HYPOTHETICAL EXAMPLE Jones has a total of $25,000 for investment purposes. He buys five bonds with different maturity dates for $5,000 each. The bonds come due (mature) in two, three, five, seven and ten years, respectively. Jones figures the cash will become available at just the right time to help pay the tuition bills of his two children.
OFFSETTING BOND RISKS The bonds that are due sooner generally will have a lower rate of return than a bond maturing ten years from now. However, the overall effect will be a portfolio that combines the safety of a short-term vehicle with a more attractive interest rate. Of course, you might be able to achieve the same basic result by buying long-term bonds with higher interest rates assuming that interest rates remain relatively low. However, if rates start to rise, your long-term bonds will no longer be worth as much. If the bonds are called or you need to sell them before the due dates, you may end up losing money. With a bond ladder, you can take advantage of an upswing in interest rates by reinvesting the principal you receive as your earlier bonds mature. Also, if interest rates fall still further, you have locked in higher yields for longer periods.
TAKING PRECAUTIONS Building a bond ladder is like any other investment strategy. You need to move cautiously and only after you have investigated all your options. While each "step" on the ladder is designed to meet specific needs, there are a couple of basic guidelines:
The rules may differ depending on the type of bonds you have acquired. The critical point: know all the details before you invest. As a general rule of thumb, you may want to concentrate on bonds that cannot be called.

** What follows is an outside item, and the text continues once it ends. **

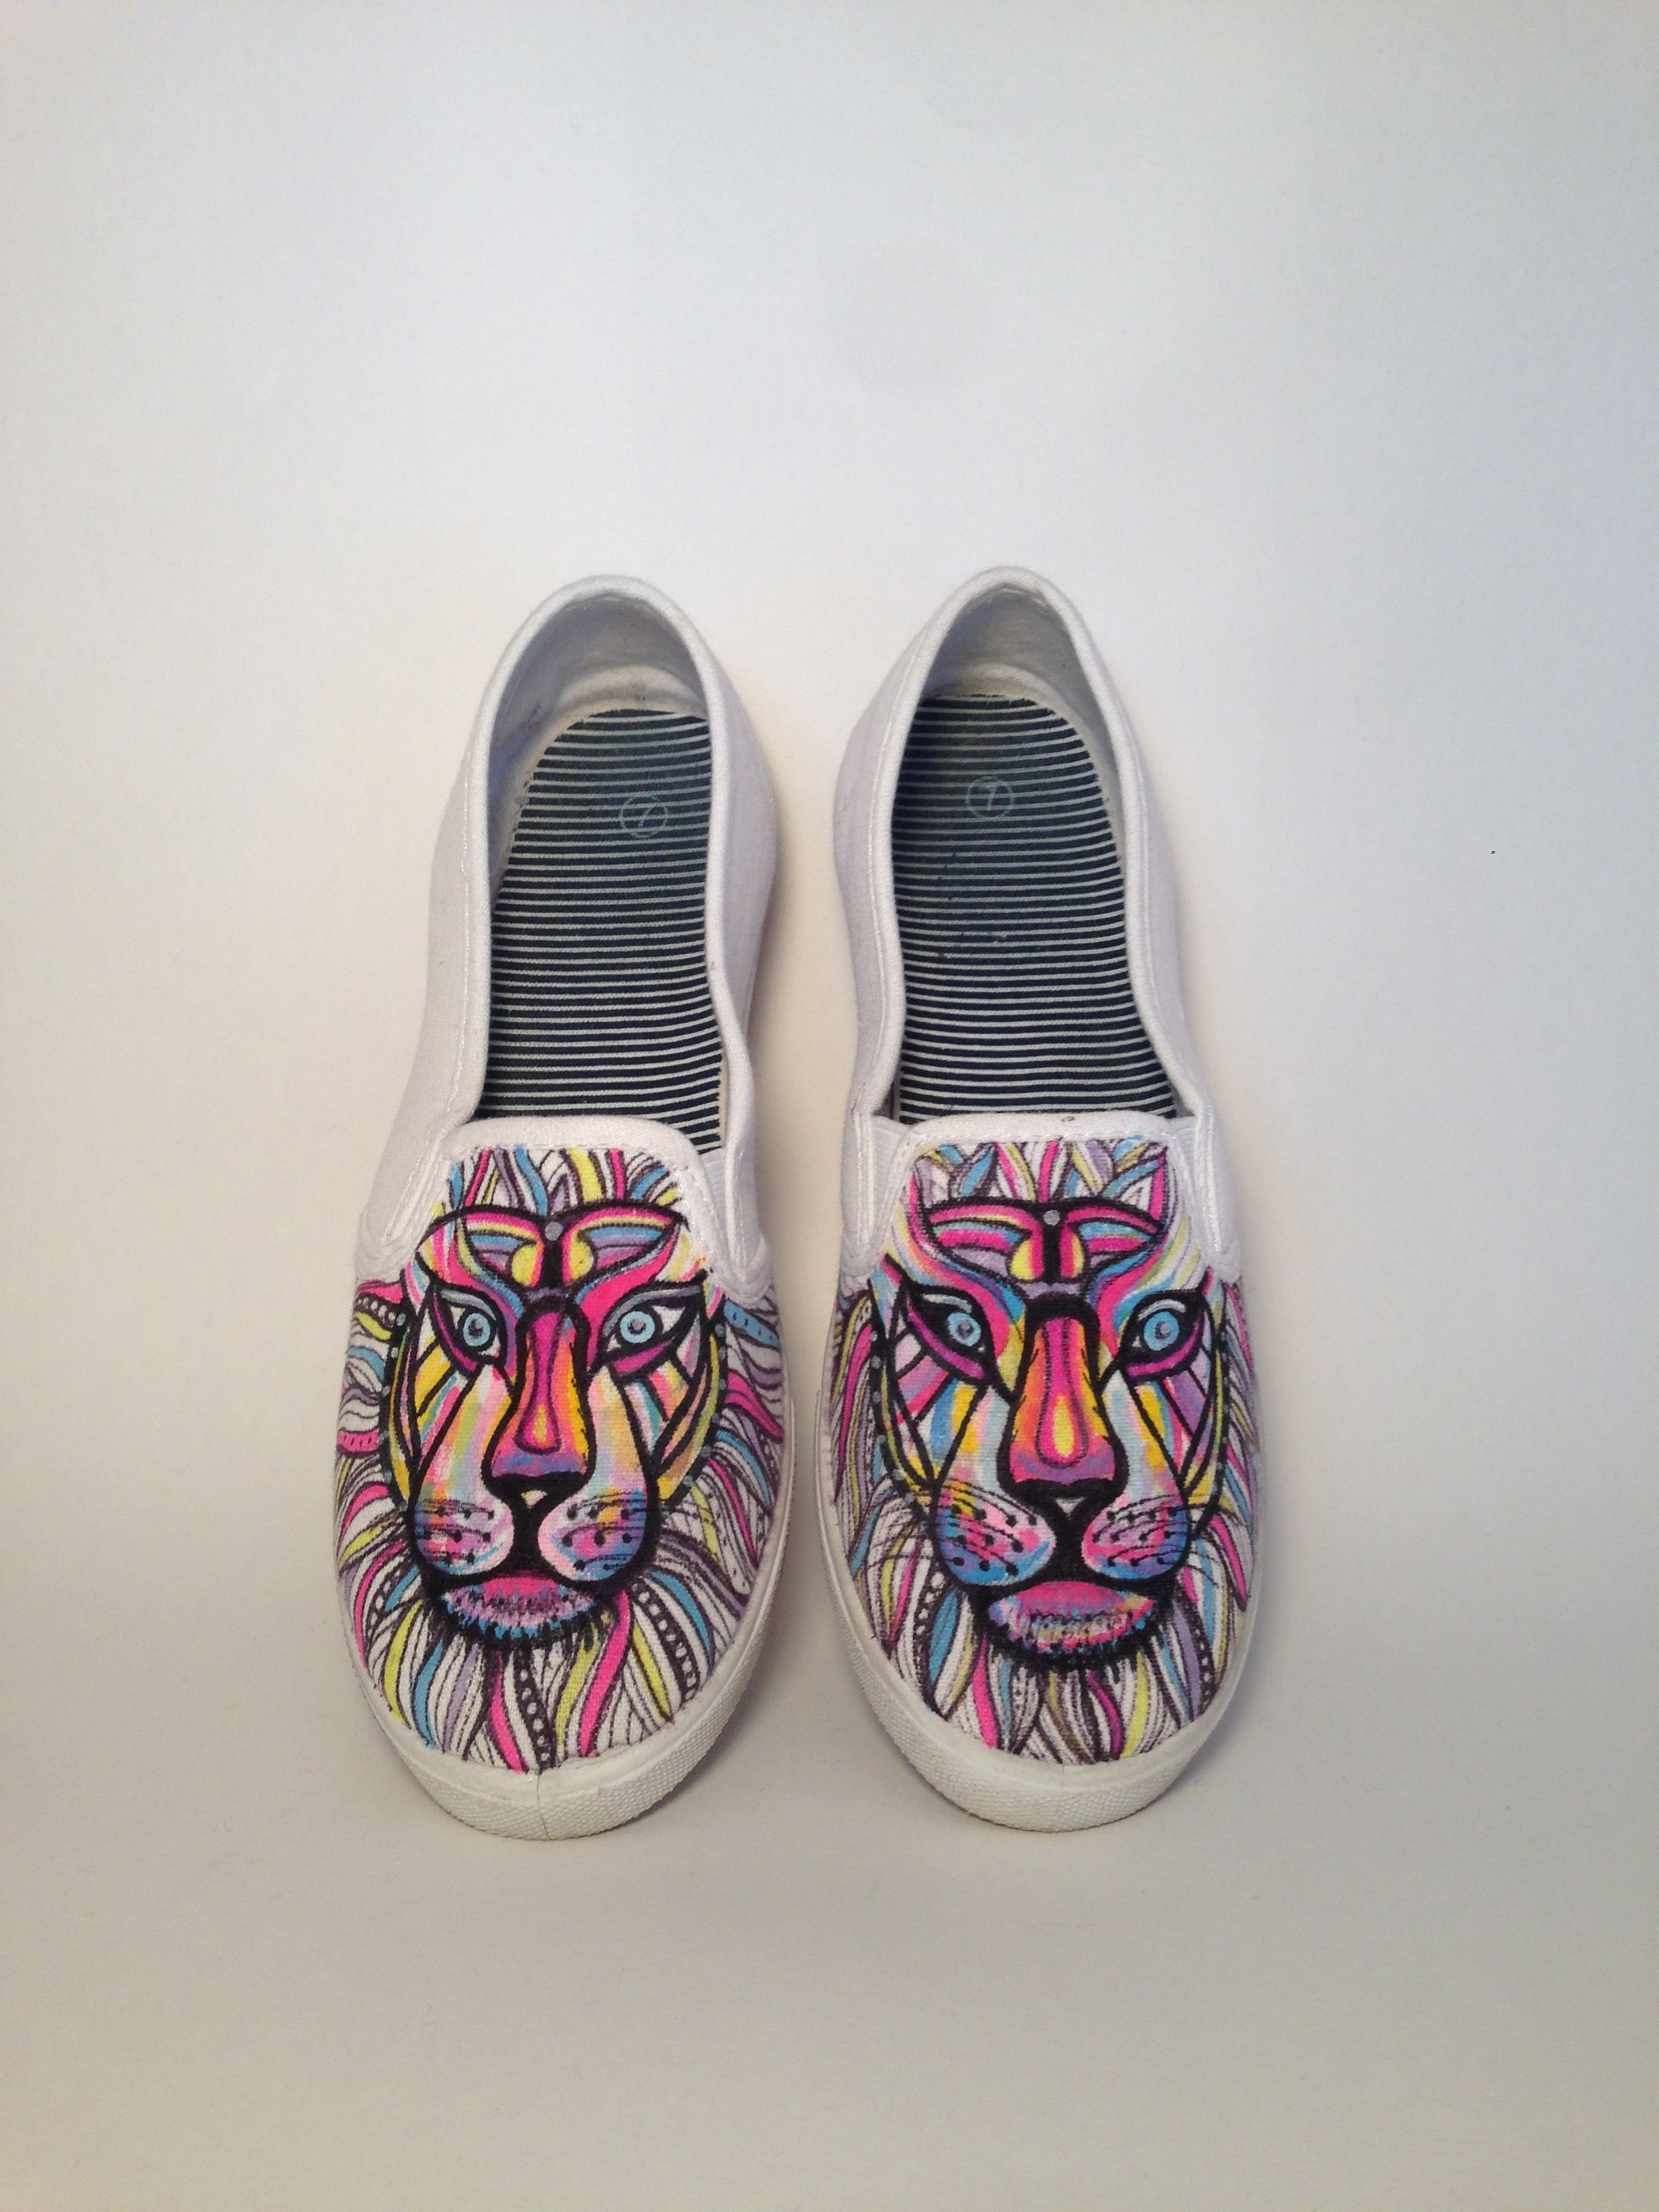 Lion Face Canvas Sneakers | Sharpie shoes, Painted shoes

For instance, you may string together a ladder made up of U.S. Treasury Bonds. The full faith and credit of the U.S. government back these Bonds. Furthermore, the interest income is free from all state and local income taxes. On the other hand, be careful about using certain corporate and municipal bonds to build your ladder. Changes in the credit status of the entity that issues the bonds could mean that you would not receive your interest or principal on time. Even worse, the issuer may default.
You should consider this technique as just one component of an overall investment plan. By assembling a diversified portfolio, you reduce the risk of ever hitting rock bottom.